COMPARISON OF APPROACHES

SEURAT LANDSCAPE WITH HOUSES 1881

Tacita Dean Fatigues, 2012

There are as many different approaches to (landscape) art as there are artists who paint/draw. Every individual has there own take on subject and method of representation

Above are images from two artists whose work has similarities. The similarities are the monochrome pallet and the delicate use of tone.

The differences are more easy to define. Tacita’s image is vast, like its subject – it fills the wall of a gallery. She has used media that are not created for art work, i.e. chalk and chalk board. Her drawing emerges from the black background as she uses chalk to create tones and shapes over the black. Tacita creates art in a time where such experiments of size and unconventional media are encouraged and enjoyed. The speed at which new styles of all art forms are enjoyed and digested is now rapid – probably due, in part, to the internet, social networking and globalisation. People can quickly share new ideas and their thoughts on them. New ideas may be less alarming than in Seurat’s time.

Seurats image is tiny in comparison approximately 25 x 32 cm. He uses conte crayon on a traditional white background, building black tone over the white.

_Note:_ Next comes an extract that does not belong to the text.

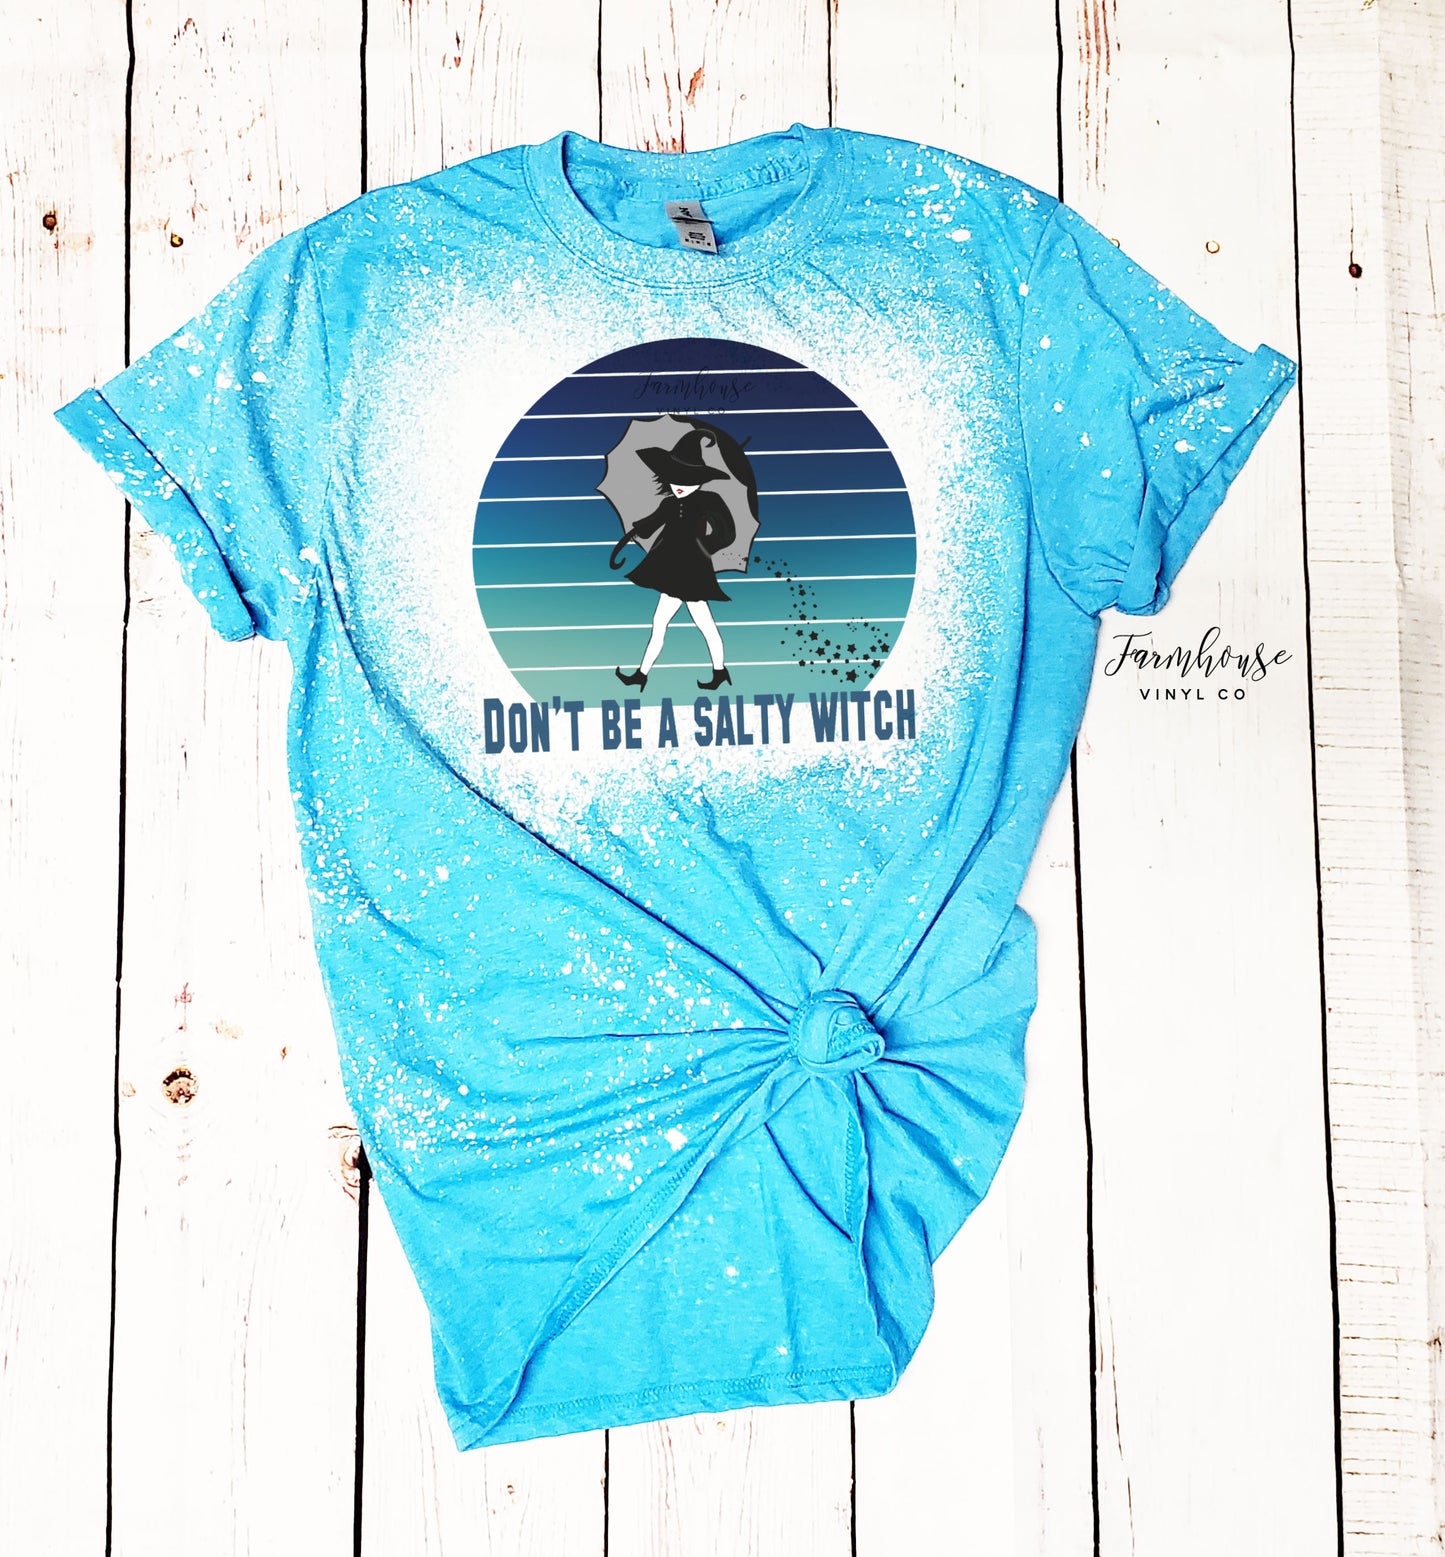 Don't Be A Salty Witch Shirt - Farmhouse Vinyl Co
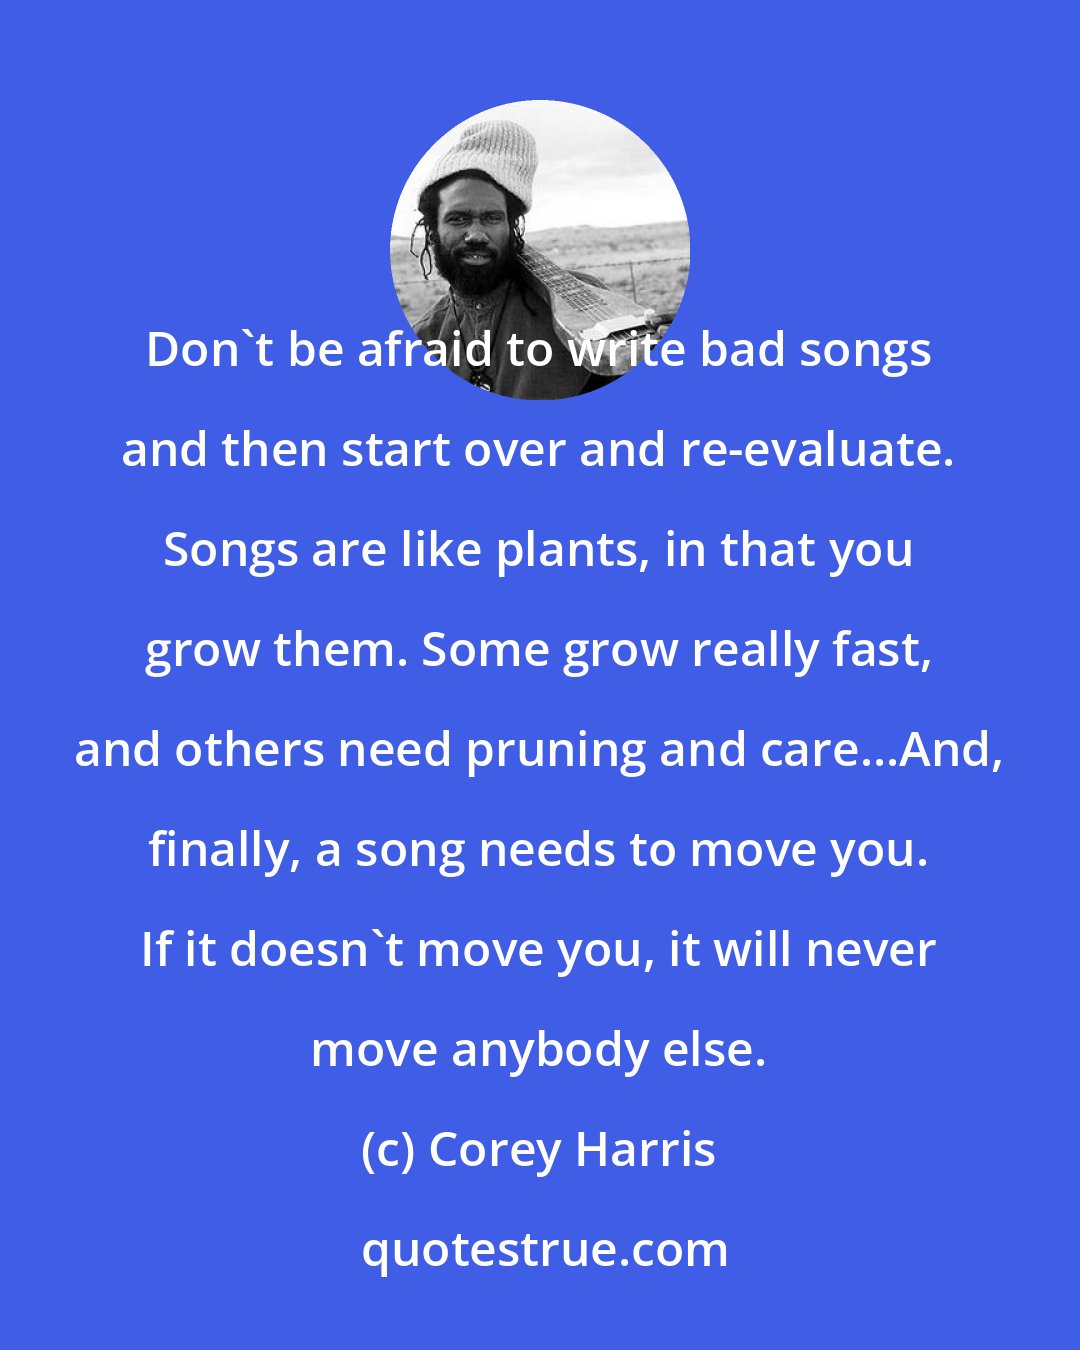 Corey Harris: Don't be afraid to write bad songs and then start over and re-evaluate. Songs are like plants, in that you grow them. Some grow really fast, and others need pruning and care...And, finally, a song needs to move you. If it doesn't move you, it will never move anybody else.

In Seurats time, experimentation with new methods and styles took time to become enjoyed, established and accepted. Indeed, Seurats methods were also considered unconventional – but ‘unconventional’ takes time to grow and metamorphize. Without the experiments and ground-breaking working ways of many artists of the past, which now seem conventional, artists of the present (and future) could possibly not experiment and innovate either. This is because innovation builds on the back of other previous innovation – ‘by standing on the shoulders of giants’.

I think the objective of this research point and the other research points in this project, could be in fact for me, the student, to see clearly that the biggest differences between the images are the point in history and cultural background in which they were created. Both images are groundbreaking in that context and that is the biggest similarity they share.

These images go to show that new innovation exists in art (and other human endeavors) at almost all points in history and will continue to do so.